Your goal → Skip every image and restate the data word for word.

Supplied data →
========================================

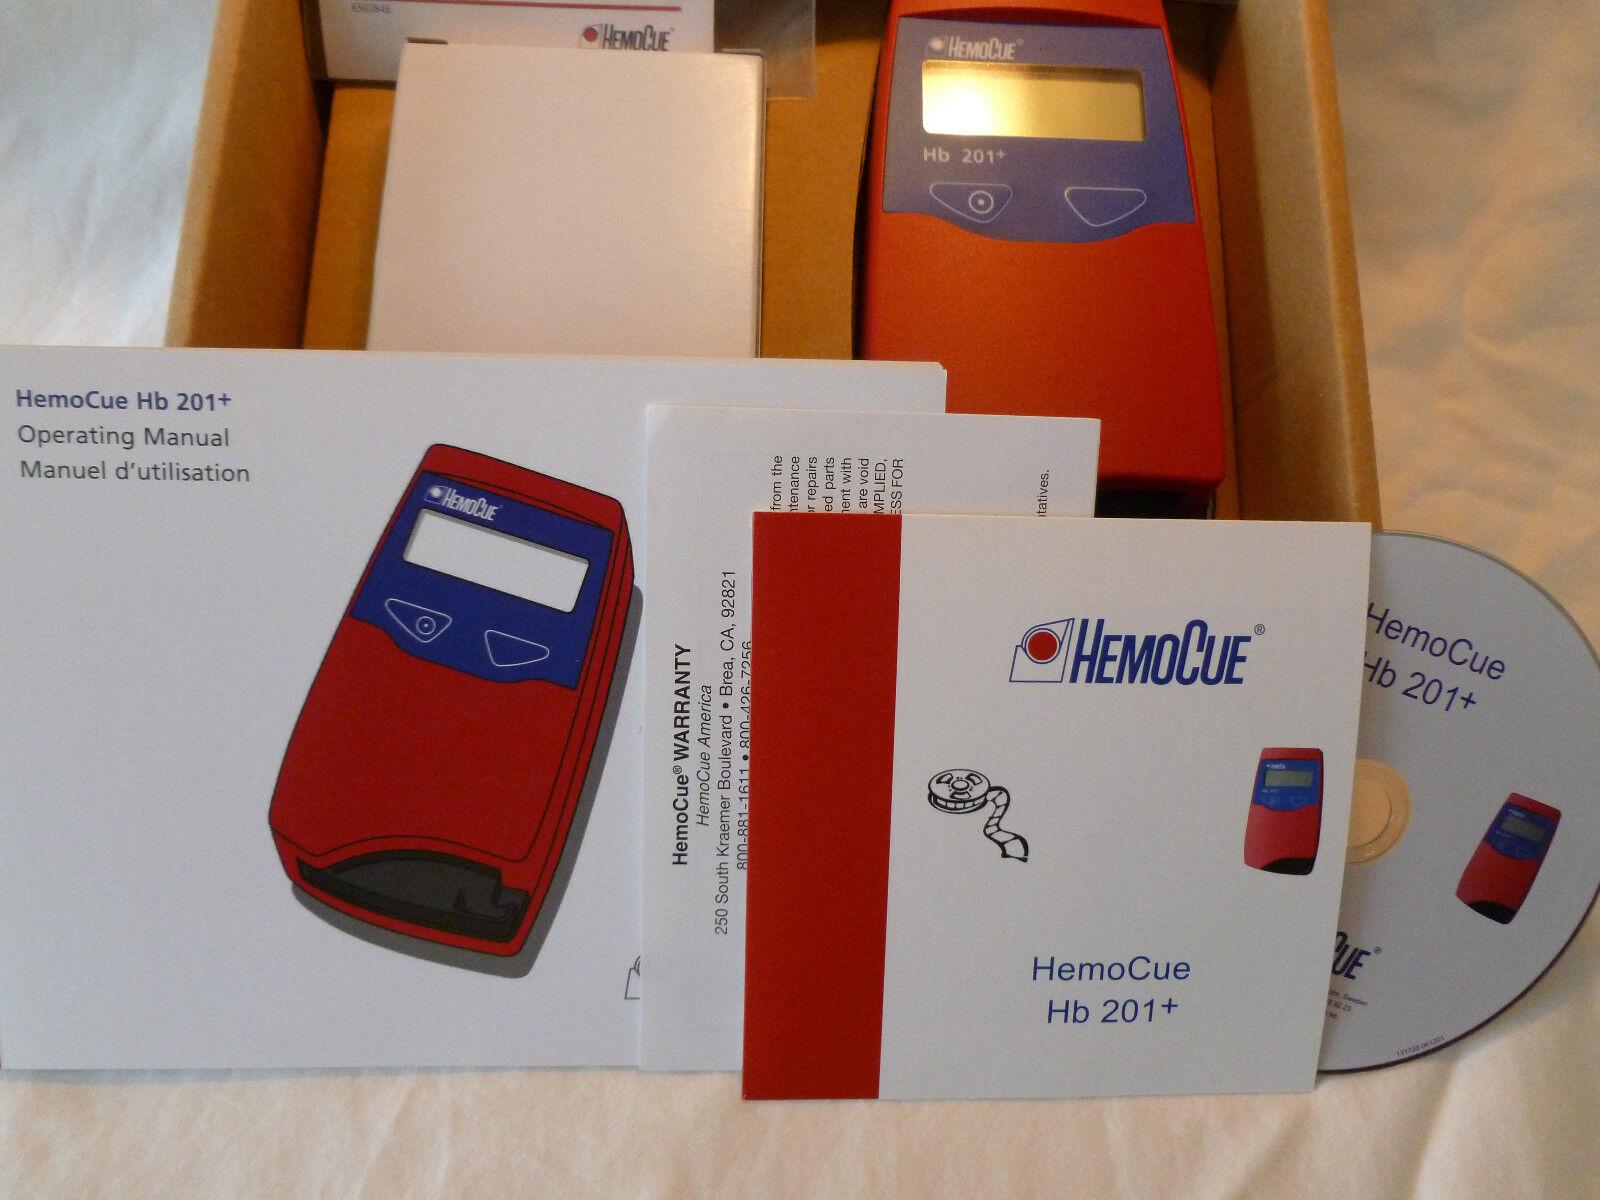 BRAND NEW IN BOX HB 201+ HEMOCUE ANALYZER 121721 HEMOGLOBIN METER LAB SYSTEM KIT
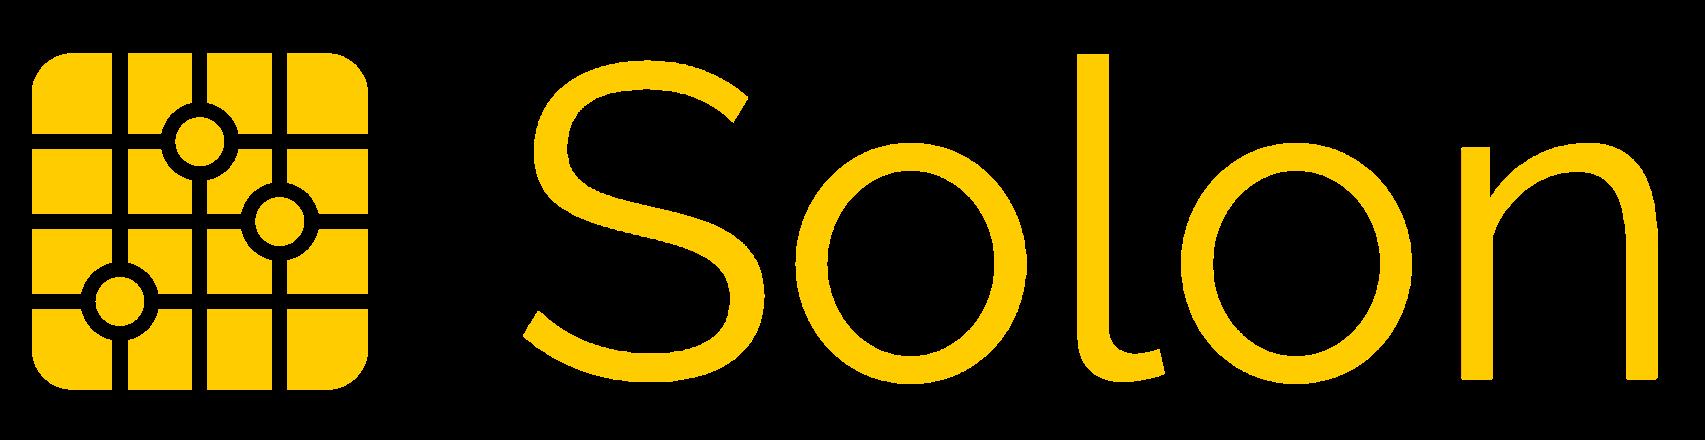 Solon-logo-web
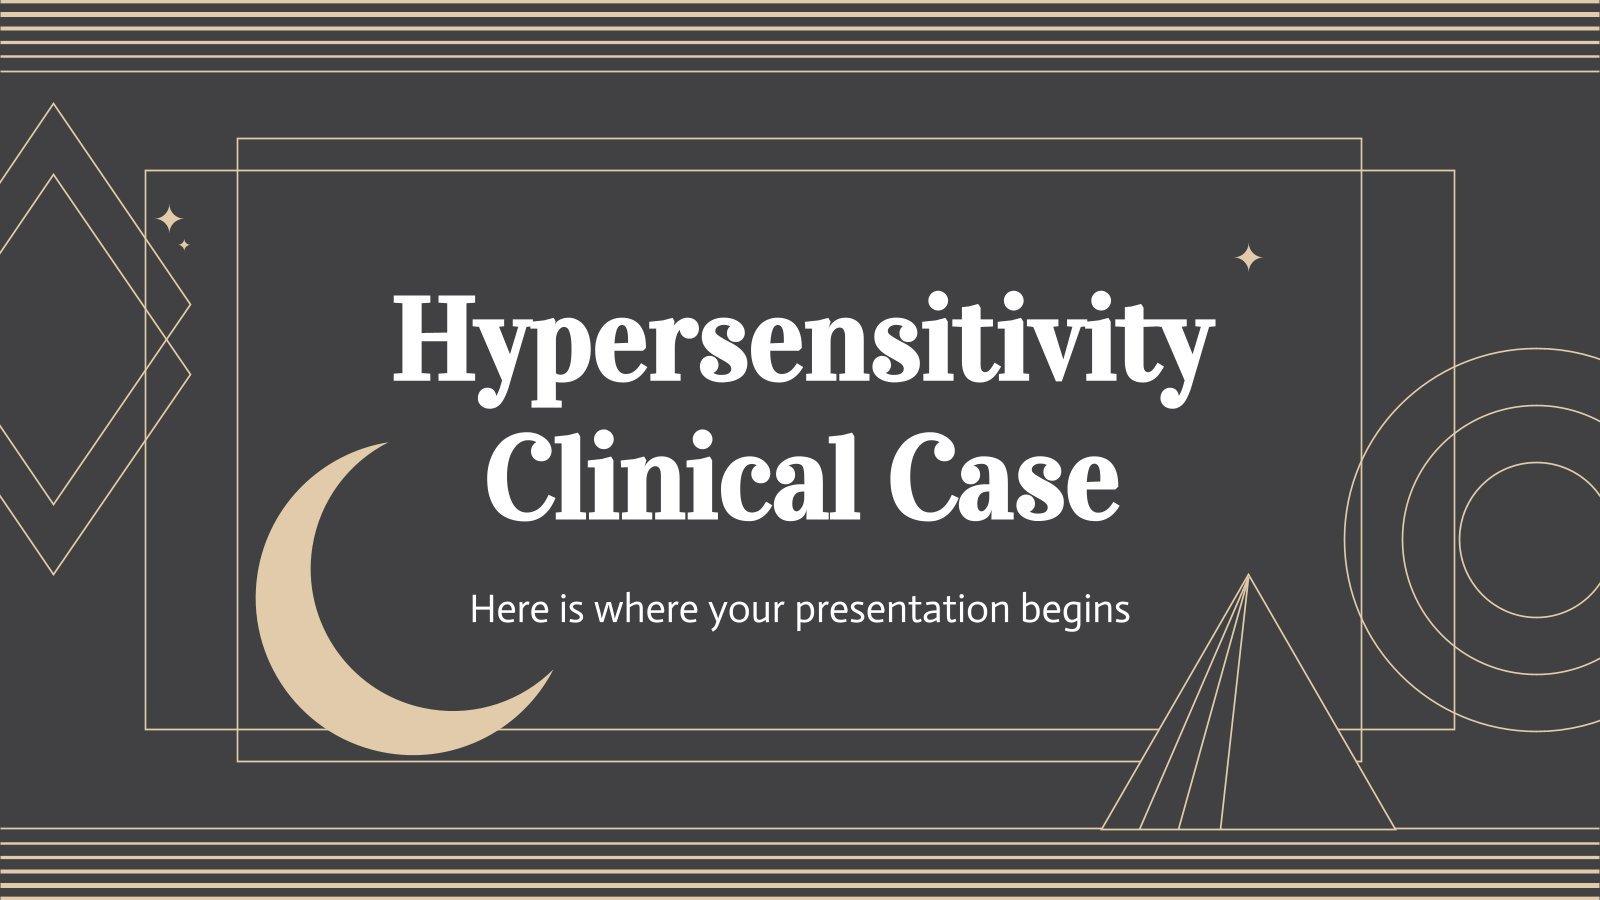 Hypersensitivity Clinical Case presentation template

========================================

Solved exercise →
 BRAND NEW IN BOX HB 201+ HEMOCUE ANALYZER 121721 HEMOGLOBIN METER LAB SYSTEM KIT
 Solon-logo-web
 Hypersensitivity Clinical Case presentation template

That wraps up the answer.